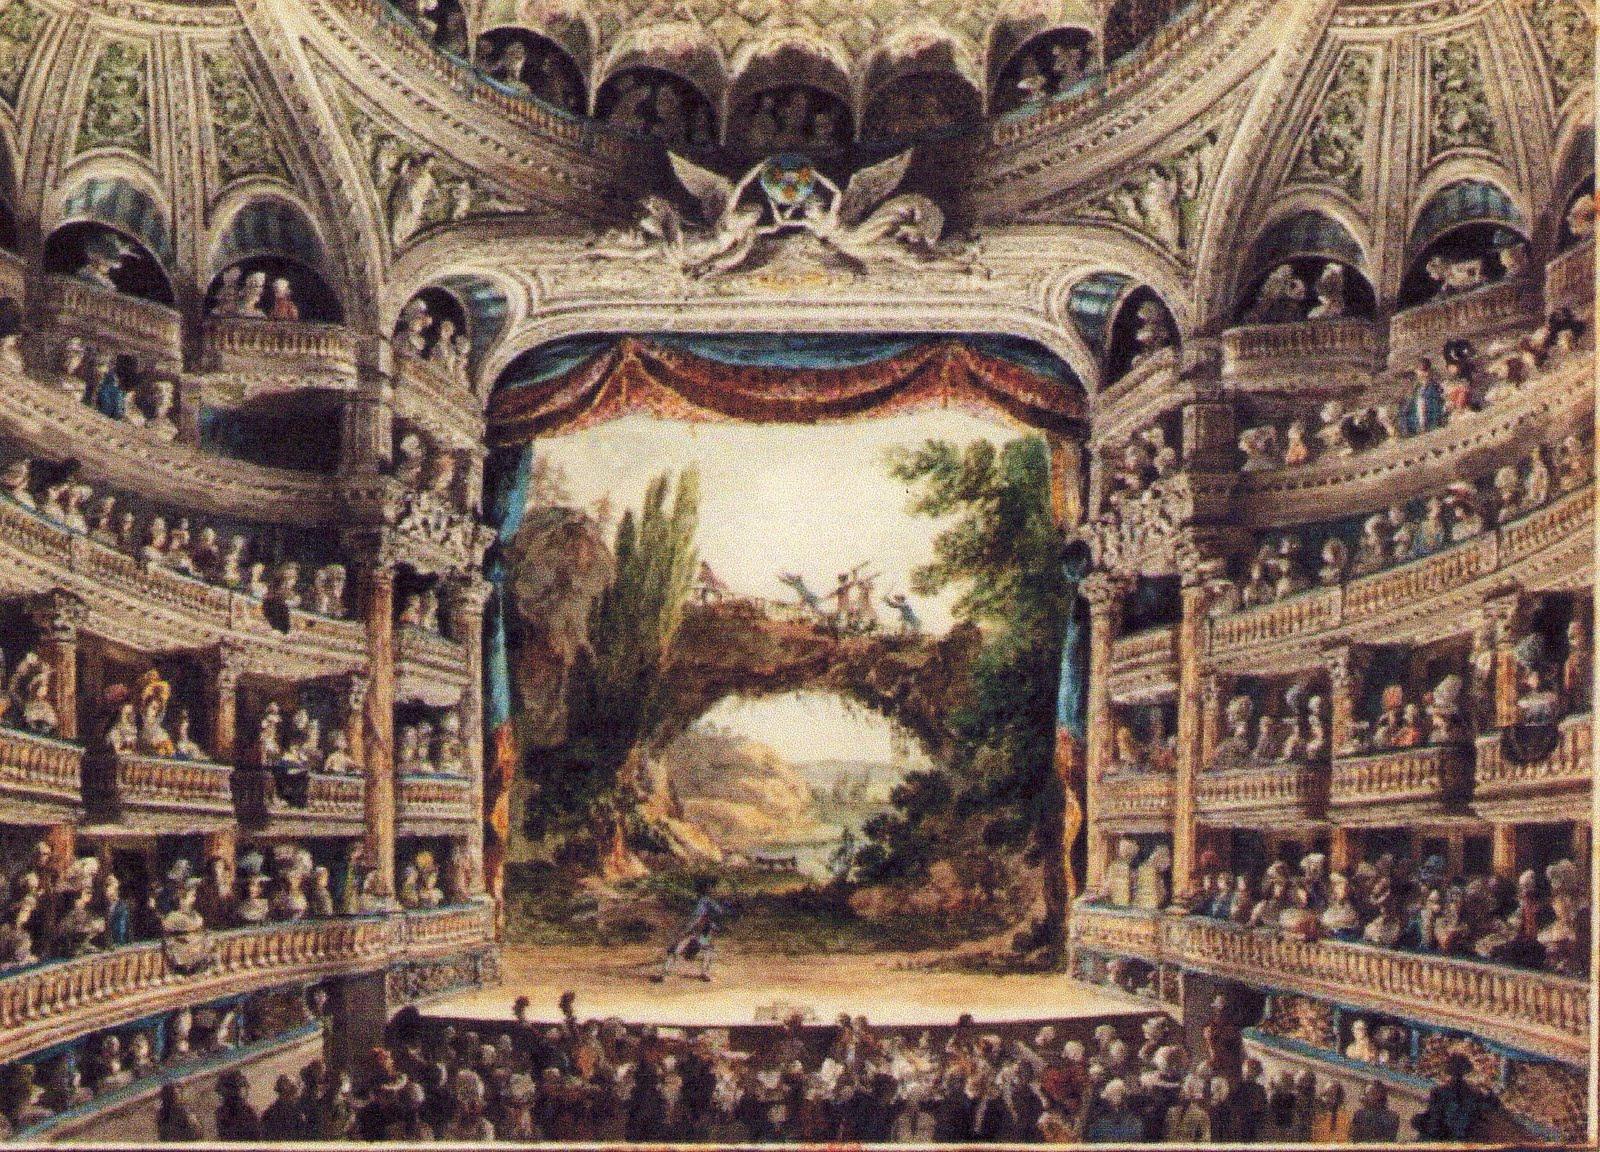 The globe theatre in the medieval period english literature essay
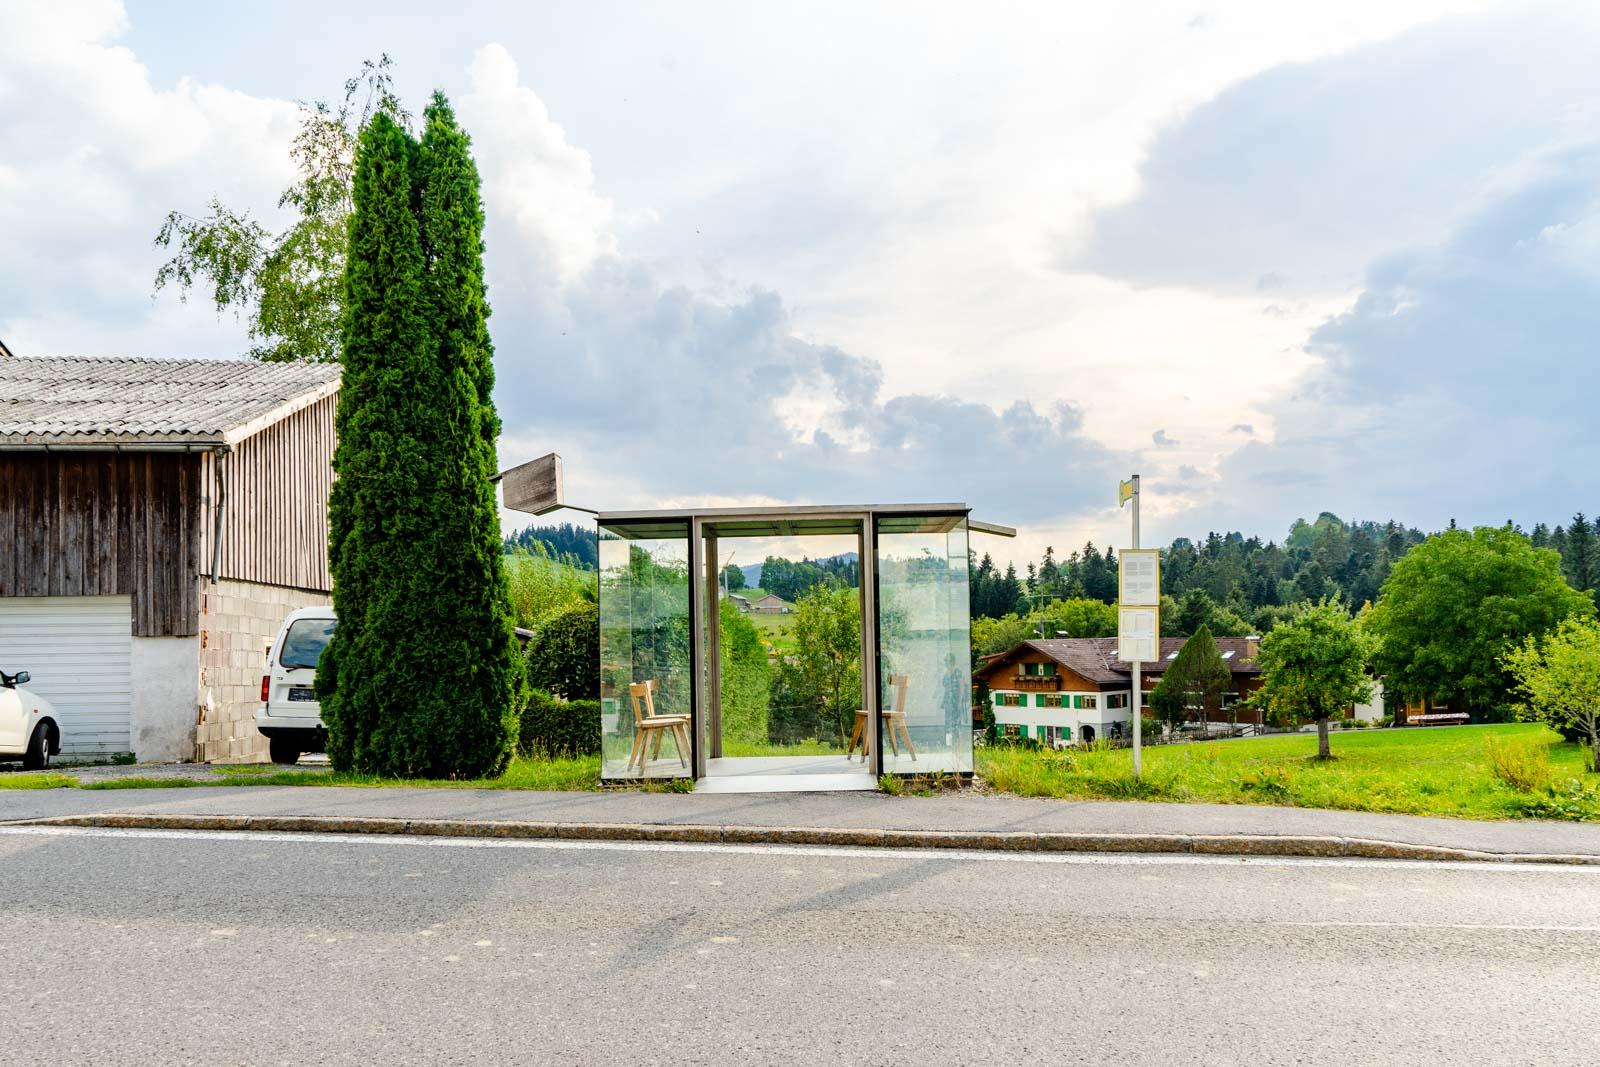 Krumbach bus stops, Vorarlberg, Austria
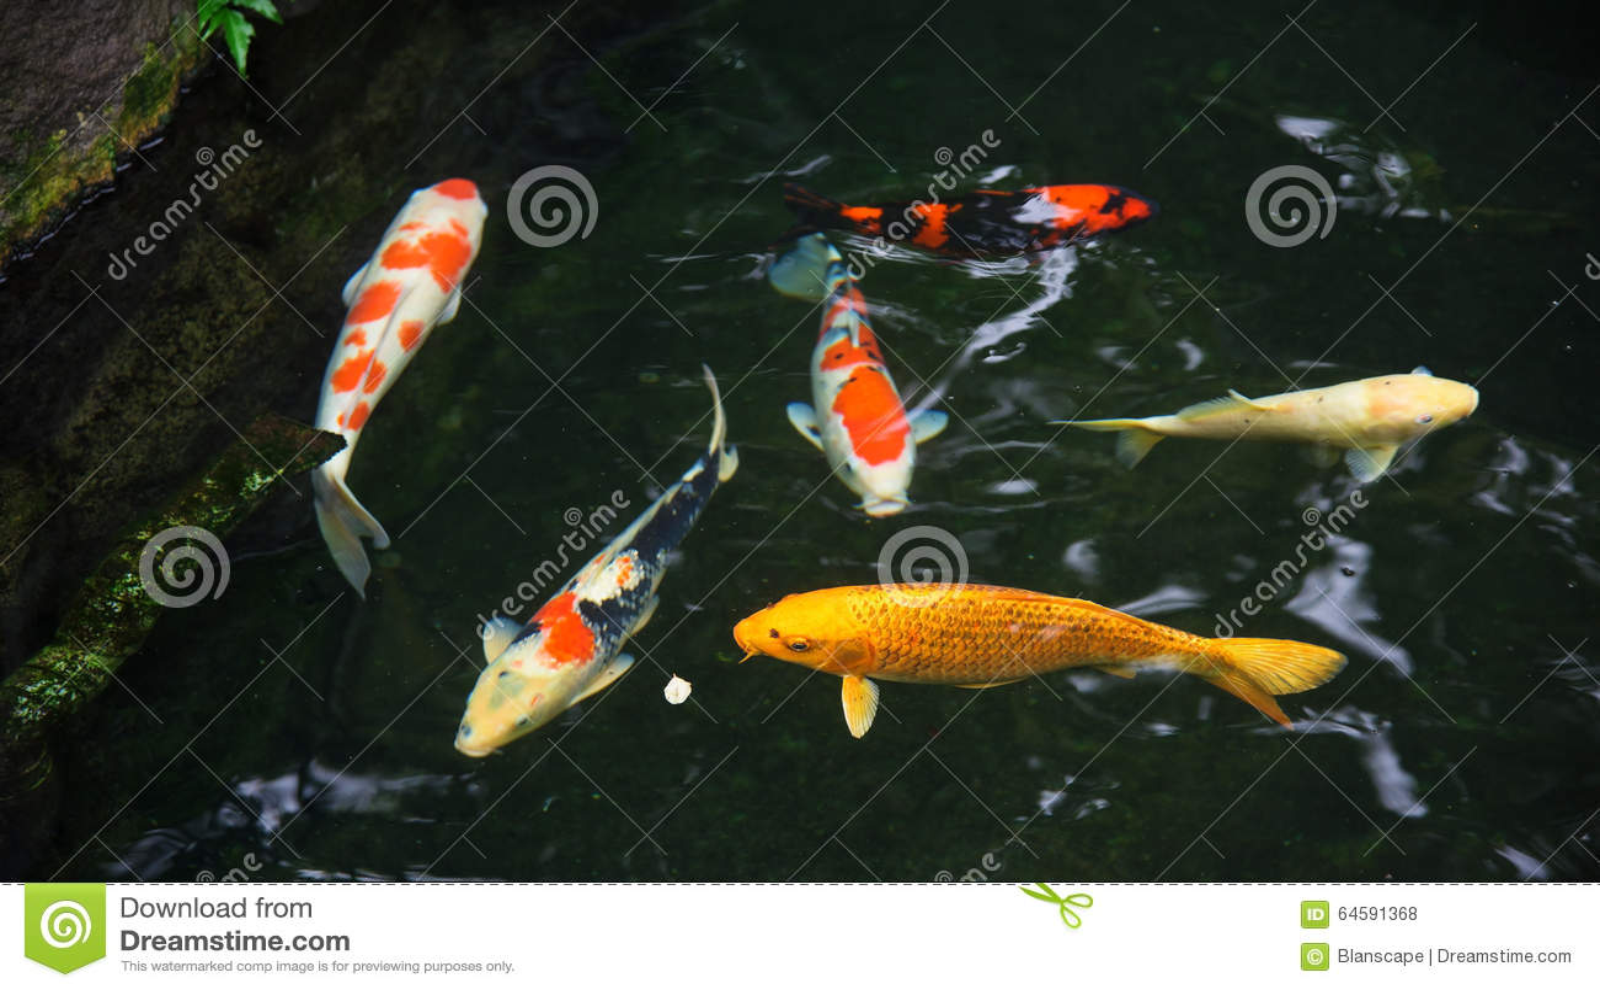 Feeding fancy carp fish stock photo for Koi fish dealers
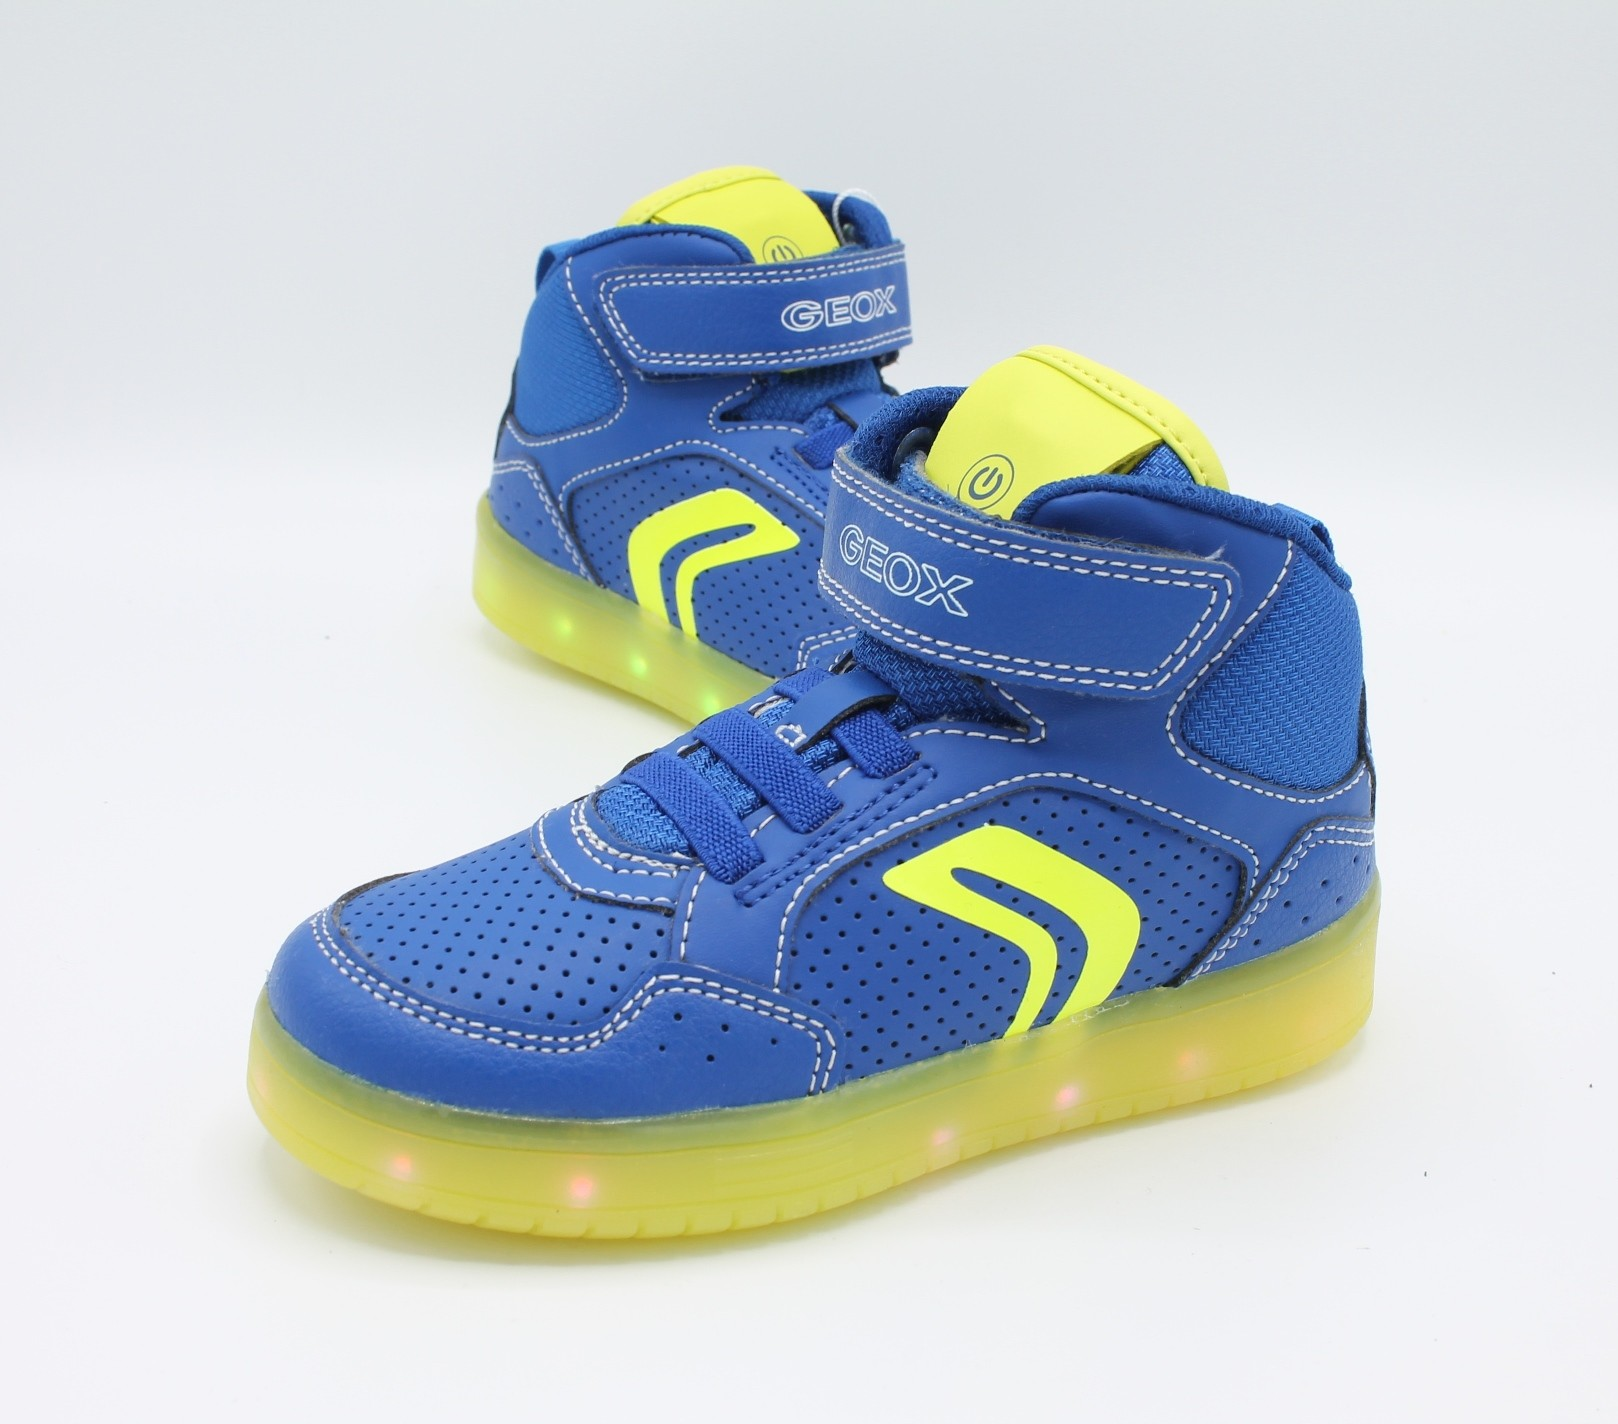 Geox Scarpe da Bambino con luci led Kommodor Blu J825PC

WORK TO BE COMPLETED:
Only the lines from the one that holds "Feeding fancy carp" through the final line of the material should be reproduced, word for word, with the pictures omitted.

WRITTEN ANSWER:
 Feeding fancy carp fish stock photo for Koi fish dealers
 Geox Scarpe da Bambino con luci led Kommodor Blu J825PC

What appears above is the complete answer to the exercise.